Final answer:
To ensure the vectors do not span R^3, they must be linearly dependent. This occurs if the determinant of the matrix formed by the vectors is zero, leading to the equation 8*z2 − 15*z1 − 8 = 0, which provides the relationship between z1 and z2 for the vectors to be linearly dependent.
Step-by-step explanation:
To find all values z1 and z2 such that the vectors (2, −1, 3), (1, 2, 2), and (−4, z1, z2) do not span R^3, we need to determine when these vectors are linearly dependent. Three vectors in R^3 are linearly dependent if there exists a non-trivial solution to the equation c1*v1 + c2*v2 + c3*v3 = 0, where v1, v2, and v3 are the vectors and c1, c2, and c3 are constants not all zero.
Let's set up the matrix whose rows are our vectors:
- (2, −1, 3)
- (1, 2, 2)
- (−4, z1, z2)
For the vectors to be linearly dependent, the determinant of this matrix must be zero.
The determinant can be calculated as:
Det = (2*(2*z2 − 2*z1) − (1*(z1*3 − −4*z2) + (−4*(4 + 2*z1))

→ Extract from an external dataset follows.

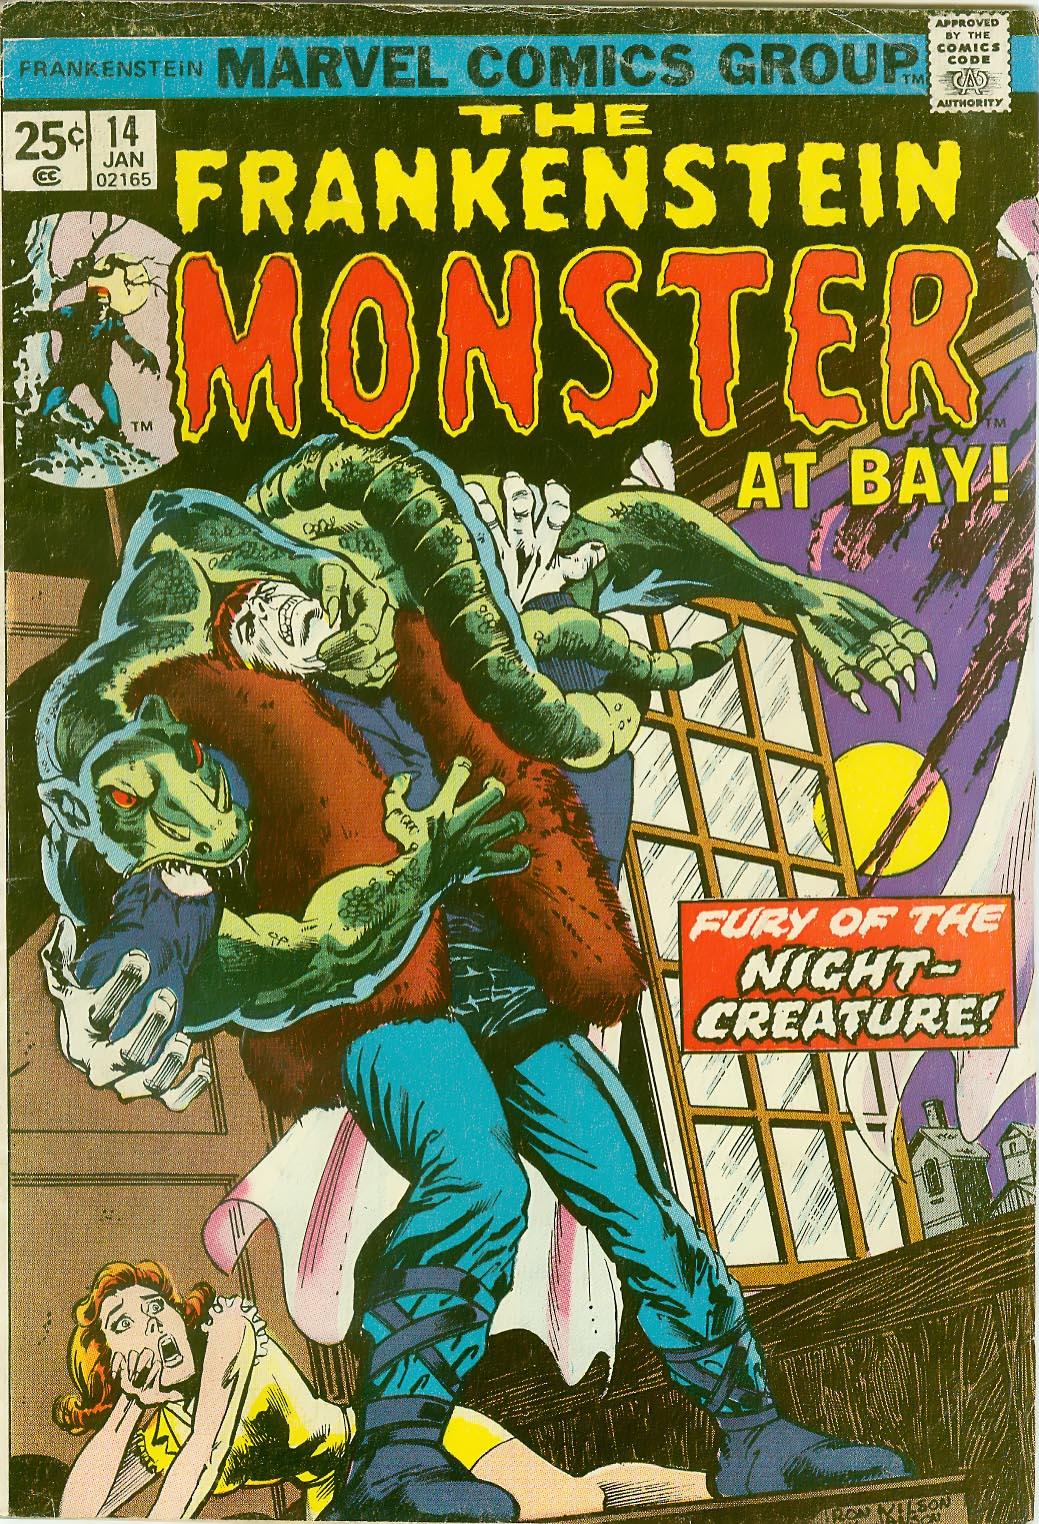 Frankenstein (1973) issue 14 - Page 1
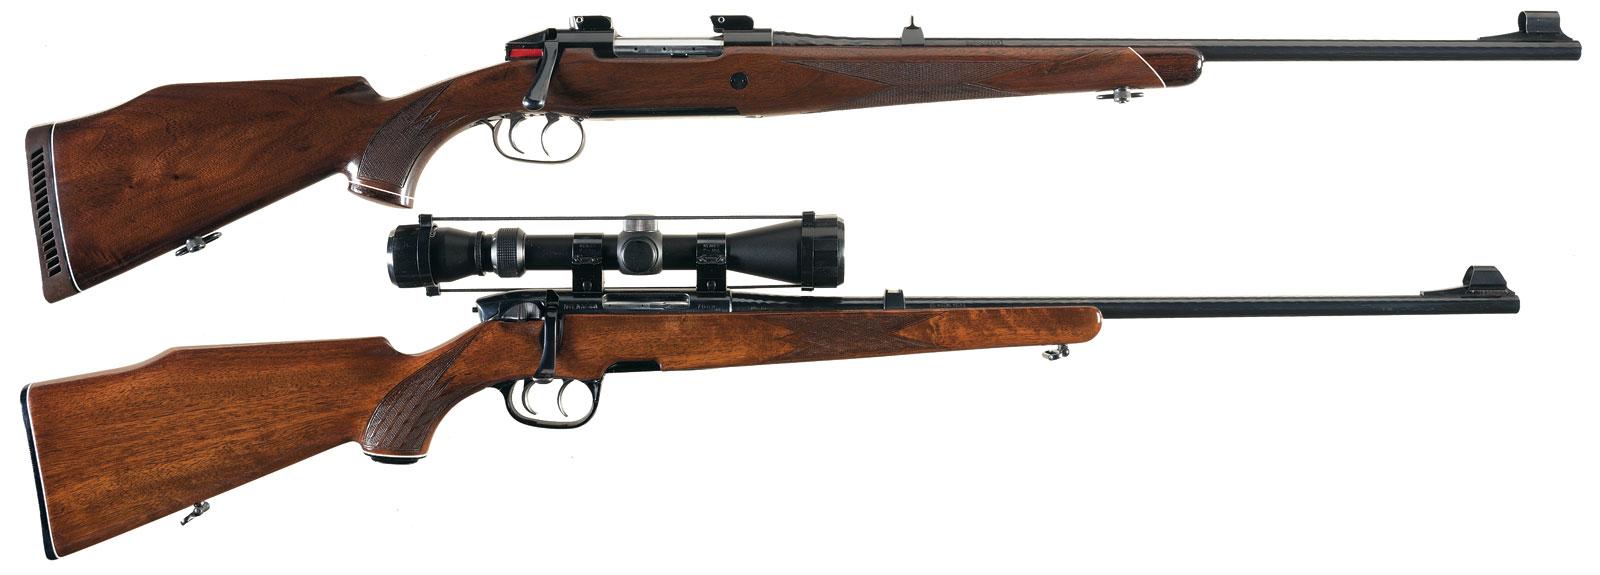 Top rifle is a Mannlicher-Schoenauer M72 rifle. Below it is a Steyr Mannlicher of the same period.

For the vectors not to span R^3, this determinant must be equal to zero. This gives us an equation in terms of z1 and z2:
4*z2 − 4*z1 − 3*z1 + 4*z2 − 8 − 8*z1 = 0
Simplifying this gives:
8*z2 − 15*z1 − 8 = 0
This equation gives us the relationship between z1 and z2. Any pair (z1, z2) that satisfies this equation means the vectors do not span R^3.